Multimodal action recognition for manufacturing assembly task through spatio-temporal knowledge fusion
Document Type
Article
Publication Date
8-1-2026
Abstract
This paper introduces a novel multimodal action recognition framework designed to address the complexities of human activity recognition in manufacturing assembly tasks through spatio-temporal knowledge fusion. Traditional unimodal and naive multimodal fusion methods often fail to capture the intricate dependencies across space, time, and modality, especially in real-world industrial environments where actions are subtle, repetitive, and context-dependent.
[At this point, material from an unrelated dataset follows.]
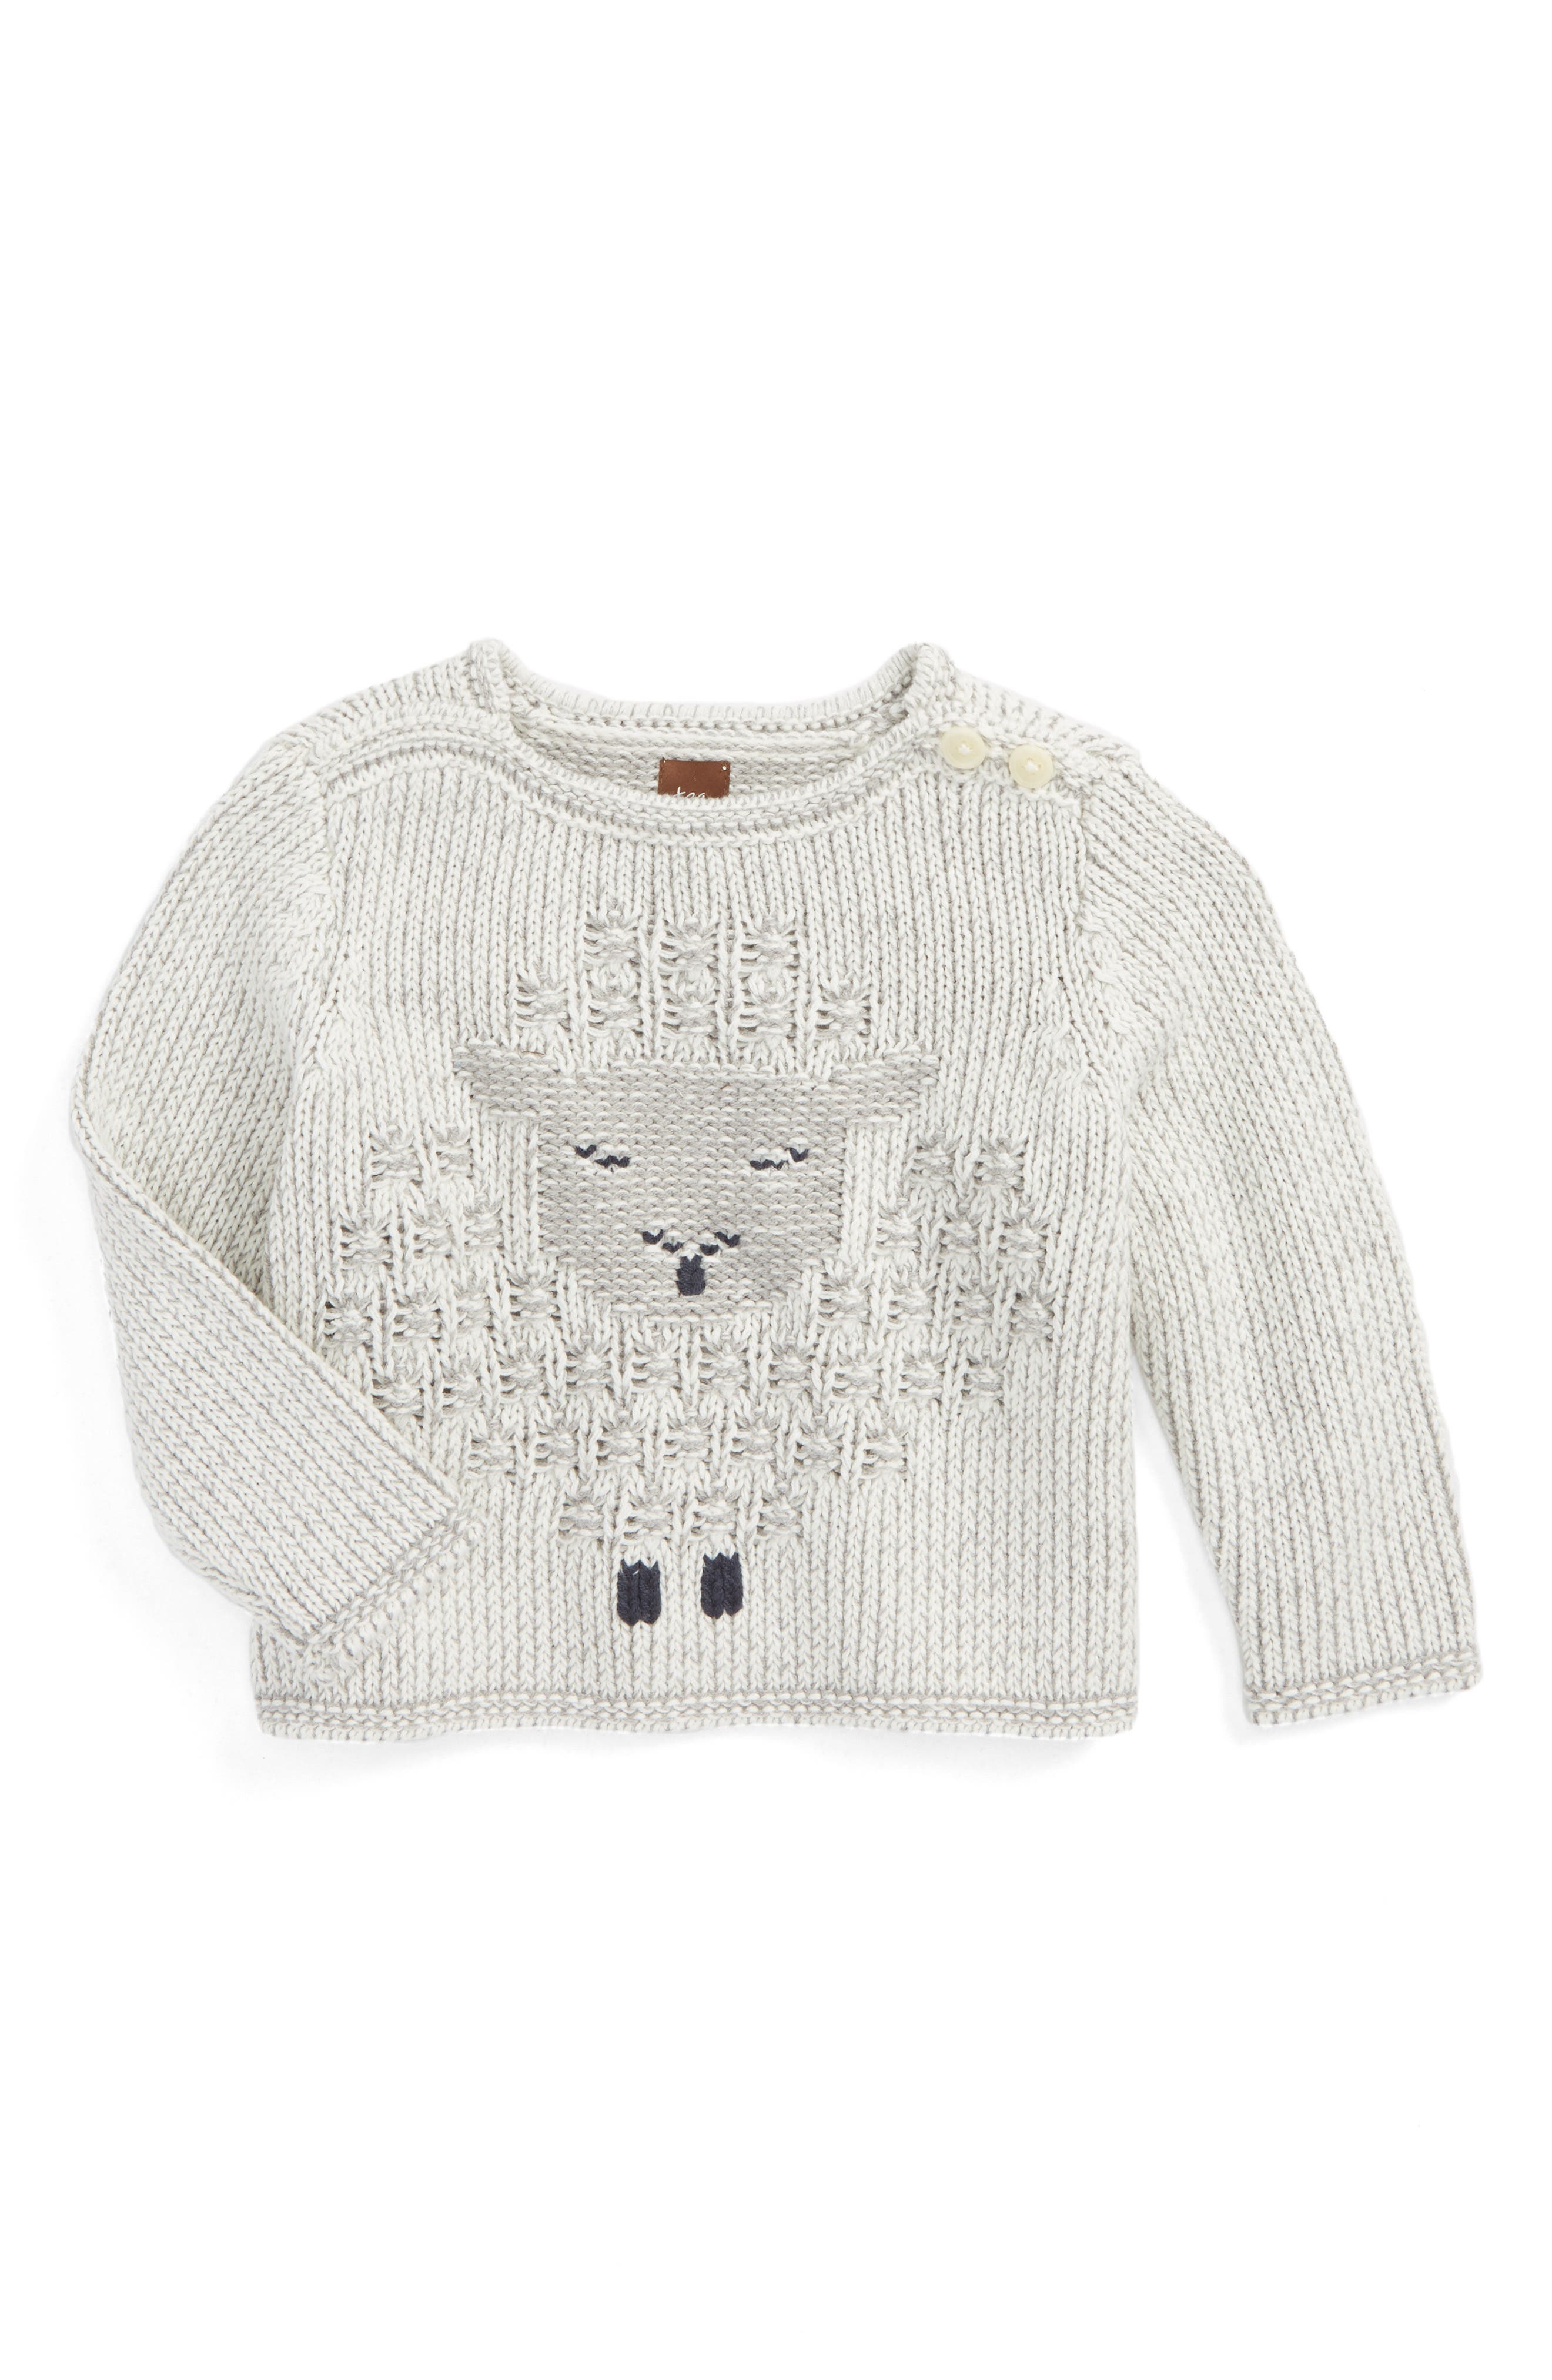 Uan Sweater,                         Main,                         color, 103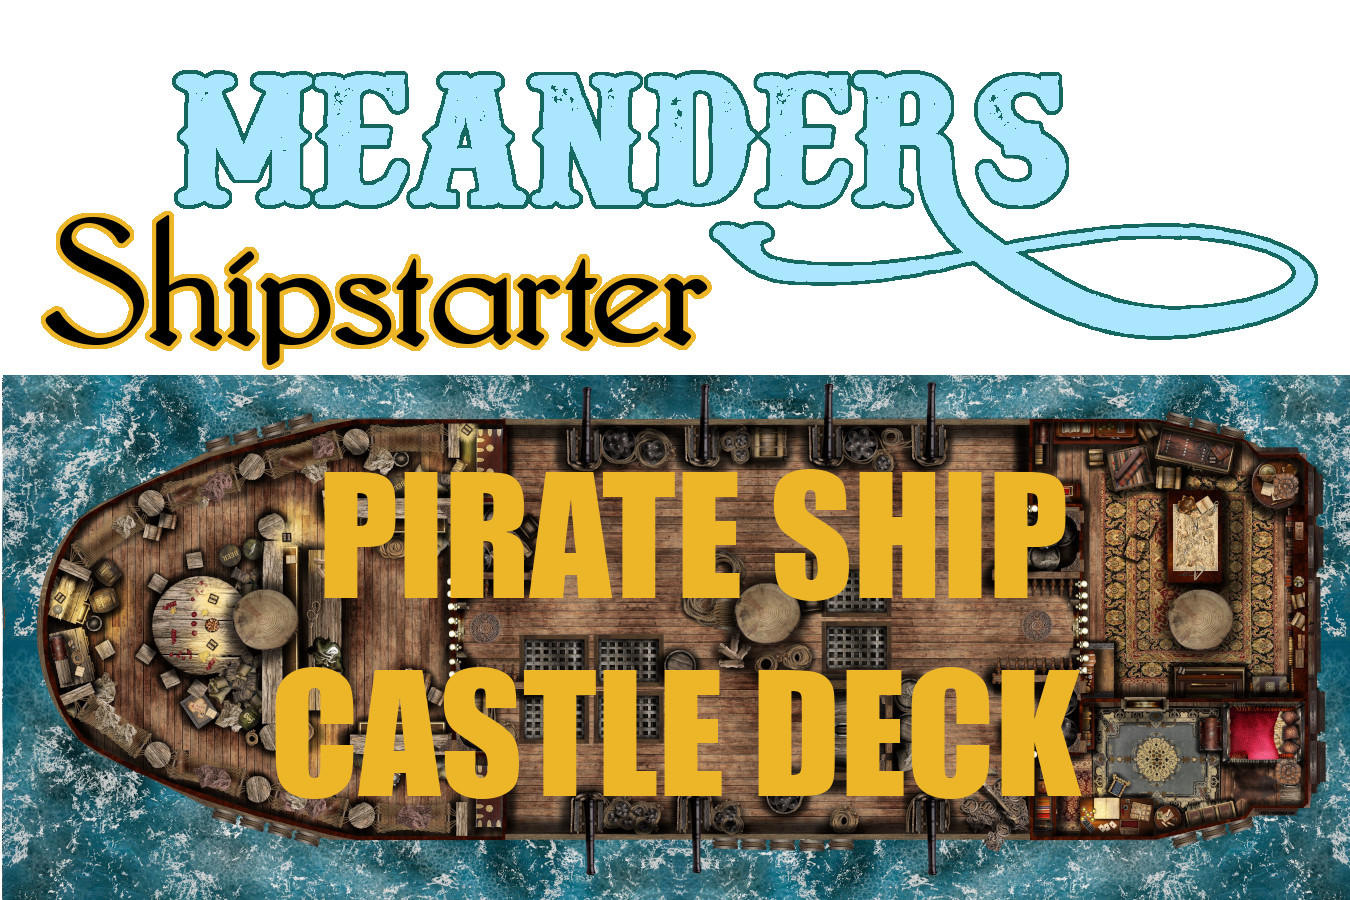 Shipstarter Pirate Galleon Castle Deck

To overcome these challenges, we propose a unified architecture that incorporates: (i) a Multi-Stage Hierarchical Reconnection module for robust spatial and temporal feature disentanglement and reintegration; (ii) a spatio-temporal regularization technique, Optimized-MixUp (OMU), that jointly augments data along spatial and temporal axes to improve generalization; and (iii) a Cross-Modal Auxiliary Feature Learning component to enhance late fusion by exploiting modality-specific complementary information. Extensive experiments conducted on four benchmark datasets, NTU RGB+D, NTU RGB+D120, HA4M, and Northwestern-UCLA, demonstrate that our method outperforms recent state-of-the-art approaches, achieving top-1 accuracy of 98.4%, 93.5%, 92.0%, and 97.3%, respectively. These results confirm the framework’s robustness, scalability, and suitability for high-precision human activity understanding in manufacturing environments. The proposed method advances the field of information fusion by offering a principled approach to integrating heterogeneous spatio-temporal data for real-world action recognition tasks.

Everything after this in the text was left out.